(Items from a dataset)
-=-=-
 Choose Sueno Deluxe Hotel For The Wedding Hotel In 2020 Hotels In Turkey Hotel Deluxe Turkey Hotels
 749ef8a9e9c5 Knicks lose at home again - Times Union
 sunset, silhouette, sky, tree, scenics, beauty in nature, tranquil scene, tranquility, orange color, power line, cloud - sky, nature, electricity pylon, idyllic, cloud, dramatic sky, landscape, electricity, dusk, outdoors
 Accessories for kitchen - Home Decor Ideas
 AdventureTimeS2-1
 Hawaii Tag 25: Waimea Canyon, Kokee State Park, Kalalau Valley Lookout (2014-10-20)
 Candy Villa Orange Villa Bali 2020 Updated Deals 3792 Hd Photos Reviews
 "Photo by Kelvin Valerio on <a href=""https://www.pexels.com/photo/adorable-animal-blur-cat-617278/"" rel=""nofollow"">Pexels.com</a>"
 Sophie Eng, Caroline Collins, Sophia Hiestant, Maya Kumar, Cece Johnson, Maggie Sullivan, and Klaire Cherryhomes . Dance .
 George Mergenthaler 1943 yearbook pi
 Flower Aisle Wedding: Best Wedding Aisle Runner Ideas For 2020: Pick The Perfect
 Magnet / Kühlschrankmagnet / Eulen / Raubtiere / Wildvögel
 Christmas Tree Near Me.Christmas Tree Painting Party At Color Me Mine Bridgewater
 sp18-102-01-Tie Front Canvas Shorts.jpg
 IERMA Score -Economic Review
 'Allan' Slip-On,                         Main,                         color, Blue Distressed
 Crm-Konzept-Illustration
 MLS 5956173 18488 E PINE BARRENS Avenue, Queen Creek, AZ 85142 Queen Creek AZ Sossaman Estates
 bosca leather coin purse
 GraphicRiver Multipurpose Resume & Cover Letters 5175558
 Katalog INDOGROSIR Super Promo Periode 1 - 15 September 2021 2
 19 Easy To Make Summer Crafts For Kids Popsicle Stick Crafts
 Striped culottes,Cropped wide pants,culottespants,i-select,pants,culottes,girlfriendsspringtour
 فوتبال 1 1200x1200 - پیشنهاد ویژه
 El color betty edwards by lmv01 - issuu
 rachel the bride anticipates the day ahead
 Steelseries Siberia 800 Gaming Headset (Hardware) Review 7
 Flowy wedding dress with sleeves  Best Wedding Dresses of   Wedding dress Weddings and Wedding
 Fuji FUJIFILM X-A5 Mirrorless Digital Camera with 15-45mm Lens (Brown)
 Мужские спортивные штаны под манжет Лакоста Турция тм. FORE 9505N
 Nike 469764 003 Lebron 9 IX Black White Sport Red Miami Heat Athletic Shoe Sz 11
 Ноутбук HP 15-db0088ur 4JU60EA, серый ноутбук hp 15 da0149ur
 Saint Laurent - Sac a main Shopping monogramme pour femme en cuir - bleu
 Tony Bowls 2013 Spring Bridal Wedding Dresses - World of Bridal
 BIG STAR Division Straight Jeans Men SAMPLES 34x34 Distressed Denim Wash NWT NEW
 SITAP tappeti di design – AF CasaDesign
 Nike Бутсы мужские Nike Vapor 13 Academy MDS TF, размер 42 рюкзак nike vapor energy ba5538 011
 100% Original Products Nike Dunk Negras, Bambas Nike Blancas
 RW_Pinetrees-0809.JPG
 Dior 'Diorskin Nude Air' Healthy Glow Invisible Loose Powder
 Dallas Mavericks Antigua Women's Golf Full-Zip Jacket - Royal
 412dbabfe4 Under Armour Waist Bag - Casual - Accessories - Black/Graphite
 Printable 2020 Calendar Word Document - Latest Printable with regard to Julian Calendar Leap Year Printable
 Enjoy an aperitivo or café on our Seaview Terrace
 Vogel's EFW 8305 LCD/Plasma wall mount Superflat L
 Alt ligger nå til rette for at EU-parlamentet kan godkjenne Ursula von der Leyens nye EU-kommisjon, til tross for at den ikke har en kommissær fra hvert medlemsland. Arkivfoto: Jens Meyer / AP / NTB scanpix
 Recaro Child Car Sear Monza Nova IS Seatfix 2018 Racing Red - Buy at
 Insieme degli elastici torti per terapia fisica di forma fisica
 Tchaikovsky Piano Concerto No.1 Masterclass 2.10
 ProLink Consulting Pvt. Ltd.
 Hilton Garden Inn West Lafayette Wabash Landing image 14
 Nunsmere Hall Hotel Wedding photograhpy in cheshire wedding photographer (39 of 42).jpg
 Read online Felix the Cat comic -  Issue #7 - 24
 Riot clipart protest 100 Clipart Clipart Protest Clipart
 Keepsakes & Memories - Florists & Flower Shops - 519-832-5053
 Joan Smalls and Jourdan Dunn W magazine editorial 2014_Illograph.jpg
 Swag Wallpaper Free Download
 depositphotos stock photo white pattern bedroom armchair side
-=-=-
■ DESCRIPTION OF THE TASK
Exactly the lines above from the one with "Christmas Tree Near" to the one with "bosca leather coin purse", both included, are to be quoted; leave the rest out.

■ RESULT OF THIS TASK
 Christmas Tree Near Me.Christmas Tree Painting Party At Color Me Mine Bridgewater
 sp18-102-01-Tie Front Canvas Shorts.jpg
 IERMA Score -Economic Review
 'Allan' Slip-On,                         Main,                         color, Blue Distressed
 Crm-Konzept-Illustration
 MLS 5956173 18488 E PINE BARRENS Avenue, Queen Creek, AZ 85142 Queen Creek AZ Sossaman Estates
 bosca leather coin purse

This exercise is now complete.